Learn. Engage. Act. Process (LEAP) program is a structured 6-month core curriculum plus 6 monthly collaborative sessions. The LEAP quality improvement program engages frontline teams in sustained incremental improvements of EBPs over a six-month period, allowing space for busy clinicians to learn and immediately apply fundamental QI skills. LEAP encompasses: 1) a structured, accessible curriculum based on the Institute for Healthcare Improvement's (IHI) Model for Improvement and Plan-Do-Study-Act cycles of change; 2) team-based, hands-on learning, and 3) coaching support and a QI network to enhance learning and accountability.

Outcomes

Primary Outcomes

Change in the Percentage of Patients With Potentially Inappropriate Medication Use (PIMs) Between Pre- and Post-periods, Across Facilities.

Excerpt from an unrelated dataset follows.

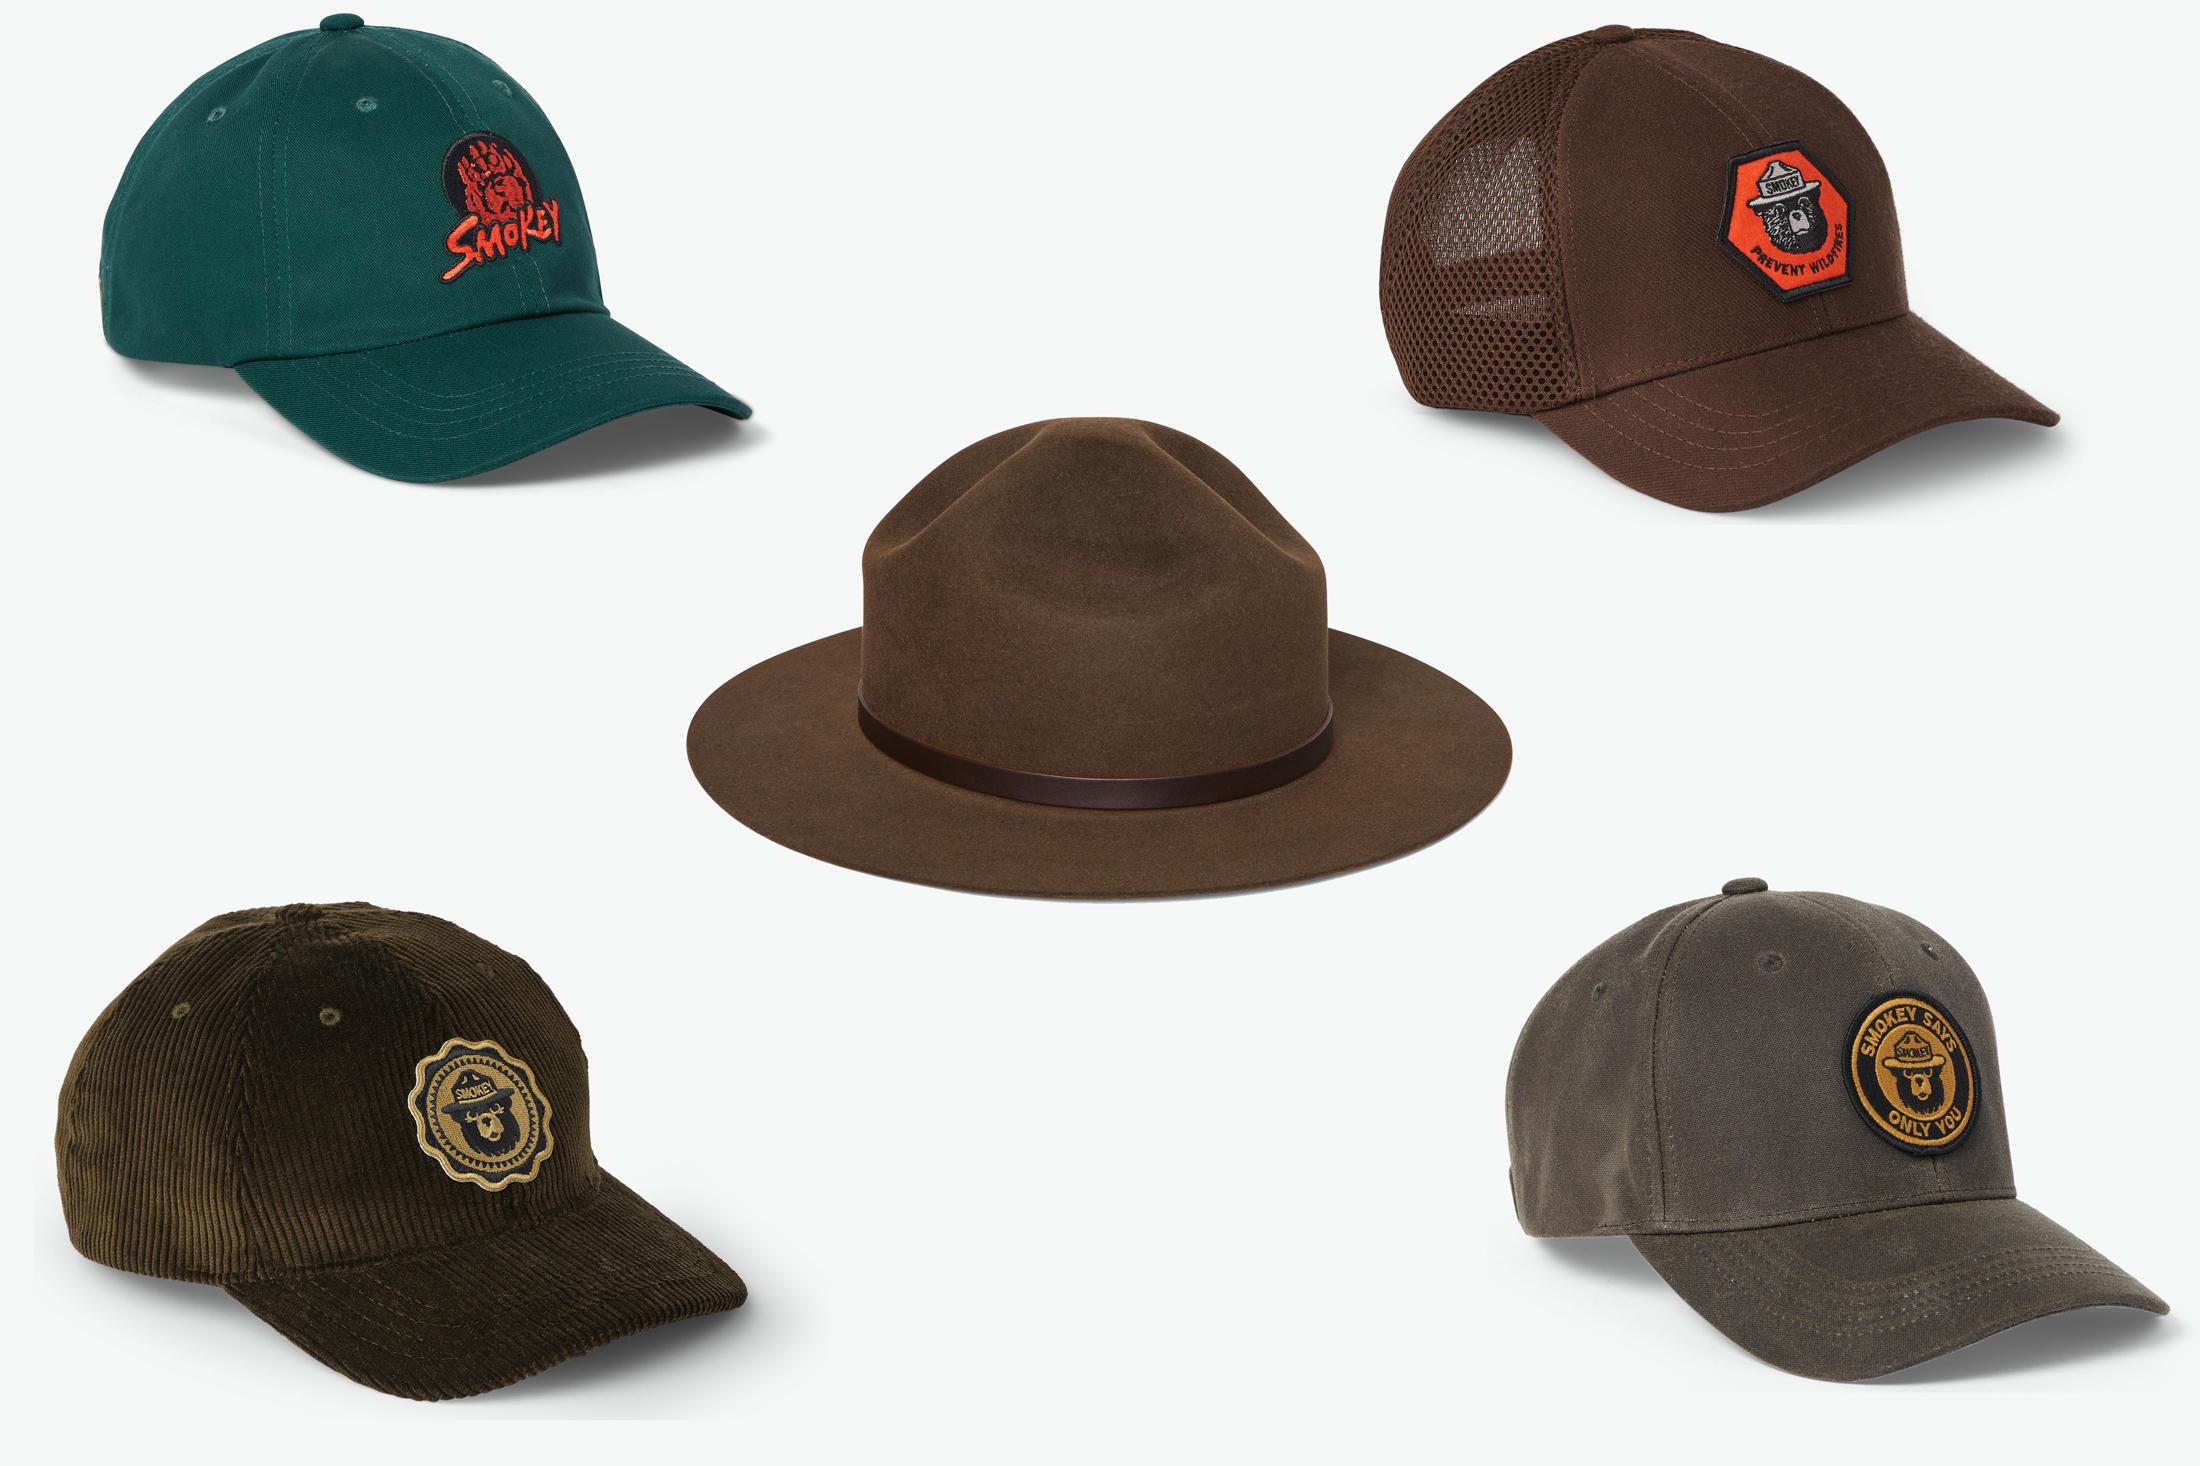 Filson x Smokey the Bear hats

Percentage of PIMs across AD vs. LEAP+AD facilities were modelled as the difference between post-period and pre-period, using the average from the 1-6-month pre-baseline period as "pre" and the average 13-18-month post-baseline as "post." Data was collected monthly at patient level and collapsed by clinic-month for patients who are at risk of potentially inappropriate medication use. Clinic-month outcome was computed as: 1) VIONE; proportion of patients who possessed one or more medications from the Beers' list of patients 65 or older, actively following with the clinic, and not in hospice/palliative care; 2) DOACs; proportion of patients with flags for potentially inappropriate use on a DOAC safety dashboard of those using DOACs; 3) CBTI; proportion of patients with a new prescription for a sleep medication for insomnia who have not had CBTI of those who are actively followed by the clinic and not in hospice/palliative care. The outcome was analyzed by pooling across all three-EBPs.